Sixteen-year-old me was just as insatiable as the needling little sister in Hansberry’s play.

Beneatha wanted to escape the provincial world of Chicago’s South Side and go to Africa. I wanted nothing more than to leave the suburbs of Atlanta, move to New York City, and become the editor-in-chief of Seventeen Magazine. She read books about the Mayans and the Moors. I read YA fiction about girls who always beat the odds. She studied French. I studied Latin. She believed in things and changed her mind about them. I didn’t know how to feel about most things. She questioned the existence of God.

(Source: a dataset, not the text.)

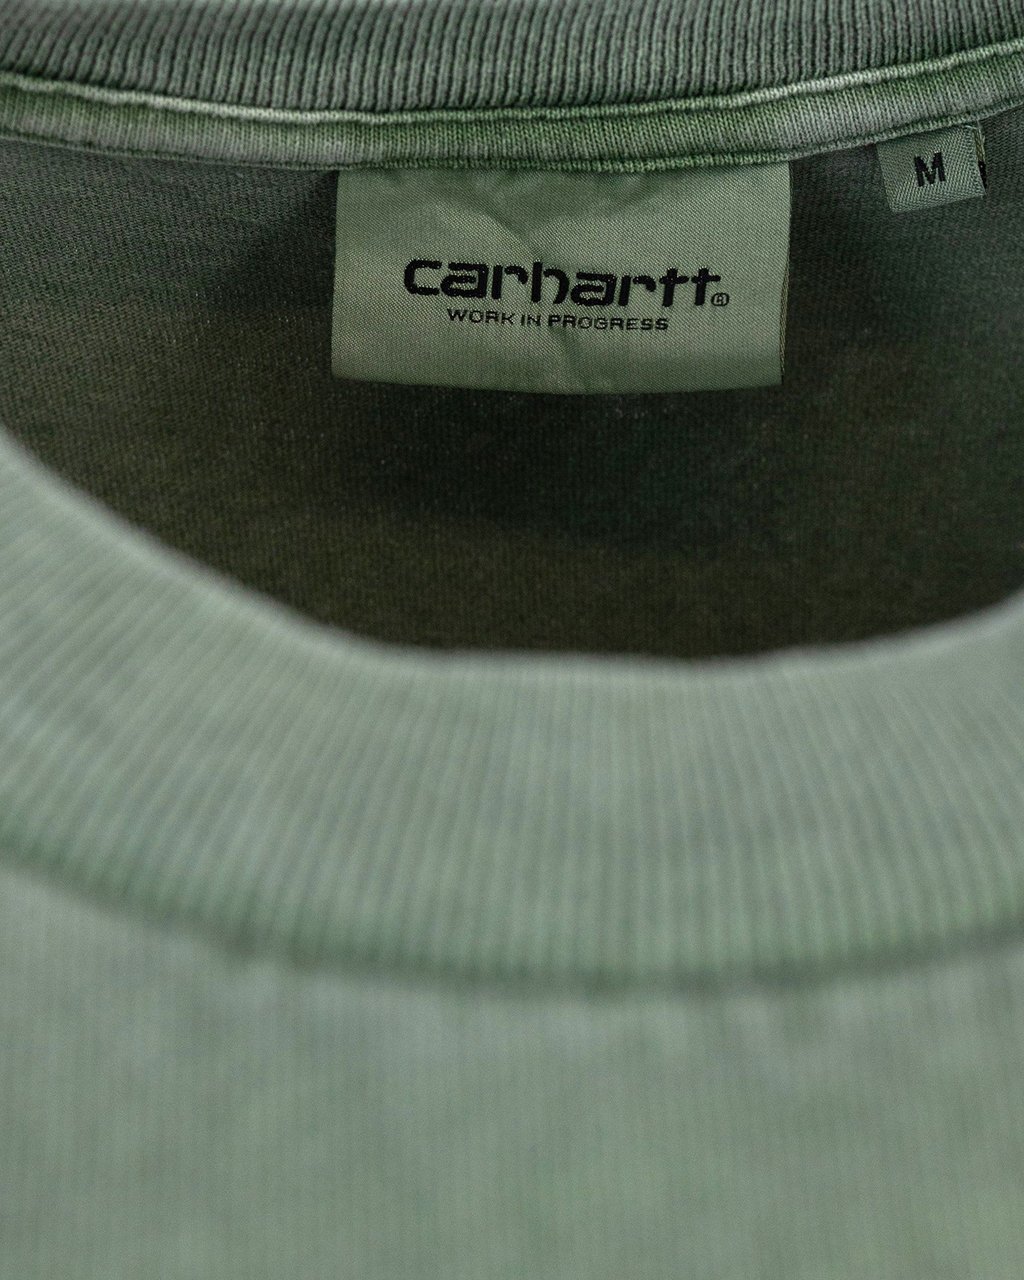 Carhartt Wip S/s Duster Green T-shirt Green Groen

I questioned the necessity of church for salvation.

It seemed that Beneatha was the only member of the Younger family who understood that freedom required participation from both the mind and the body. She filled her mind with all kinds of things and even when it seemed a bit misguided, I never doubted that Beneatha would be just fine in the end. She was determined to build a life that defied expectations and I adored her for that. Some part of me must have known that by that time I majored in theater and journalism– and wasn’t married by age 25 (26, 27, 28, or 29)– that I too would need to design a life that allowed me to shed my skin and renew it again and again.

In her short career, Hansberry became the first black woman to have a play on Broadway in 1959 and she only wrote two plays– A Raisin in the Sun and The Sign in Sidney Brustein’s Window– and a collection of incomplete script called Les Blancs. I am so happy that she got around to writing Beneatha in 1954, so that in 2006 when I first discovered her I could see what was possible with optimism, self-assurance, and a willingness to be wrong.

Beneatha showed me that I can fall down and recover; I can experience loss and feel conflicted about it; I can want a man to value my intelligence; and I can switch haircuts and hobbies with ease. Through Beneatha, Hansberry showed me that I can always become more and that journey continues.